At the start of every summer, tragic incidents can occur when children are left unattended in parked cars or vehicle. Regardless of whether children are left in cars with the window slightly rolled down, the risk to life in summer months greatly increase. 

During the hotter months, the closed environment of a car can heat up within 15 minutes to temperatures above 125 degrees. Even at other times of the year, leaving children in cars can be dangerous, depending on the area and other factors.

Leaving a child in a parked car can result in heatstroke and other conditions or symptoms like:

  • Red, hot and dry skin;
  • Rapid pulse;
  • Headache;
  • Dizziness;
  • Nausea;
  • Vomiting; and
  • Unconsciousness.

Without immediate treatment, heatstroke is potentially fatal, and can sometimes lead to long-term medical issues such as damage to the brain. Risks are even more dangerous for children, who are at particular risk because they cannot regulate body temperatures as efficiently as adults.

Finally, leaving a child in a car also increases the risk of kidnapping and other similar incidents. 

What are the Penalties for Leaving Children Unattended in Parked Cars?

Although there is no uniform law, state and local laws are currently being enacted to allow police to ticket anyone who leaves an underage child in a car without the supervision of someone who is of the required age. The fee can often range anywhere from $100-$300, along with costly court fees.

 

If anything happens to the child, more serious legal consequences can occur, such as criminal charges which can include: 

  • Jail sentences;
  • Probation;
  • Community service; and 
  • Additional criminal fines.

If the person who left the child in the car is not the child’s parent (for example, if they are a babysitter), they can sometimes face a private lawsuit initiated by the parents of the child. This claim is usually brought under a negligence or recklessness theory of law, and can result in wrongful death damages if the child passes away. A private civil lawsuit may result in a damages award and other legal remedies. 

What Other Consequences can Result from Leaving a Child Unattended in a Car?

In some cases, if a parent leaves a child in a car unattended, and the child does not pass away, the parent may face additional consequences for their actions. This can include intervention from child protective services (CPS), who may take steps such as taking the child away from the parent. The parent might also lose other parental rights, such as:

  • Loss of child custody rights; and/or
  • Loss of child visitation rights.

Lastly, the person might also face charges of child endangerment, child neglect, or child abuse. Serious cases may result in reckless endangerment charges as well. 

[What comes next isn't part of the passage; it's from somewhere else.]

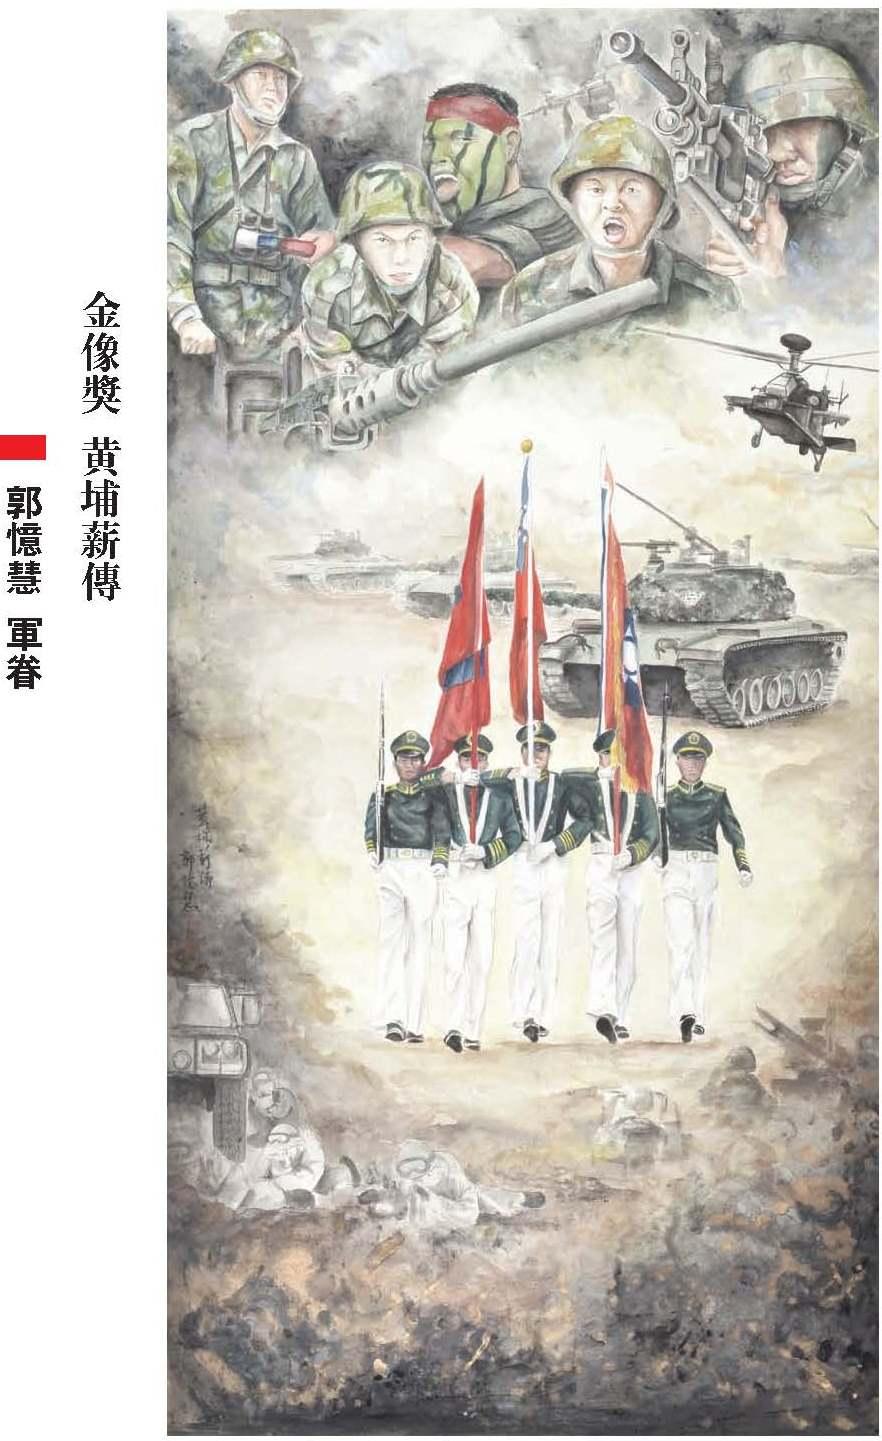 國軍第48屆文藝金像獎國畫類金像獎_黃埔薪傳_郭憶慧.jpg

Are there any Defenses to Leaving a Child Unattended in a Car?

A person who is facing legal issues due to leaving a child unattended in a car might have some legal defenses available to them. These will of course depend on each individual case, as each case may have different facts surrounding the incident. State laws may also differ with regard to the application of legal defenses.

Some legal defenses that might be available in these types of cases can include:

  • Emergency/Necessity: It may be a defense if the person left the child unattended in a car because there was an emergency situation, or if they did it out of necessity. 
    • An example of this is if there is a natural disaster or some kind of impending danger that caused the child to be separated from the adult and left in the car; 
  • Coercion: It may be a legal defense if the person left the child unattended in a vehicle because they were forced to do so under the threat of harm. 
    • For instance, if the parent or adult was held at gunpoint and forced to be moved away from their car with the child still in it, they may be able to raise this as a defense in a court of law. A similar situation is where a person is robbed or was part of a carjacking situation, and they were separated from the car with the child or infant still in it; 
  • Intoxication: Some jurisdictions may allow intoxication as a type of legal defense, especially in cases where the intoxication affected the person’s ability to act willfully or intentionally. The case may be strengthened if the person was intoxicated apart from their own choice or knowledge (for instance, if someone slipped them a pill or other substance); 
  • Insanity: This defense may be raised if the person was suffering from severe mental illness or defect at the time of the incident. In most cases, this defense is based on conditions or illnesses that affect the person’s ability to form the willful intent that is needed for committing certain offenses. 
    • However, note that this defense is difficult to prove in many cases. It can also be a risk to raise this in court, as the person might face other consequences such as mandatory medical/psychological treatment. Treatment can sometimes take longer than an actual jail or prison sentence.
    • Also, the person will then have a record of having a mental disease or defect, which can affect other areas of their life as well. They may also lose custody of the child if the court determines that their mental state is not suitable for them to care for a child. 

Should I Hire a Lawyer if I’m Criminally Charged for Leaving a Child in a Car?

Child endangerment is a serious charge that can lead to jail time, and possibly a Child Protective Services investigation that may result in the placement of your child or children in foster care. 

Because of the serious repercussions that can occur from leaving a child in an unattended car, it is wise to seek counsel from a criminal lawyer, who can help explain your rights to you and help you formulate a defense strategy.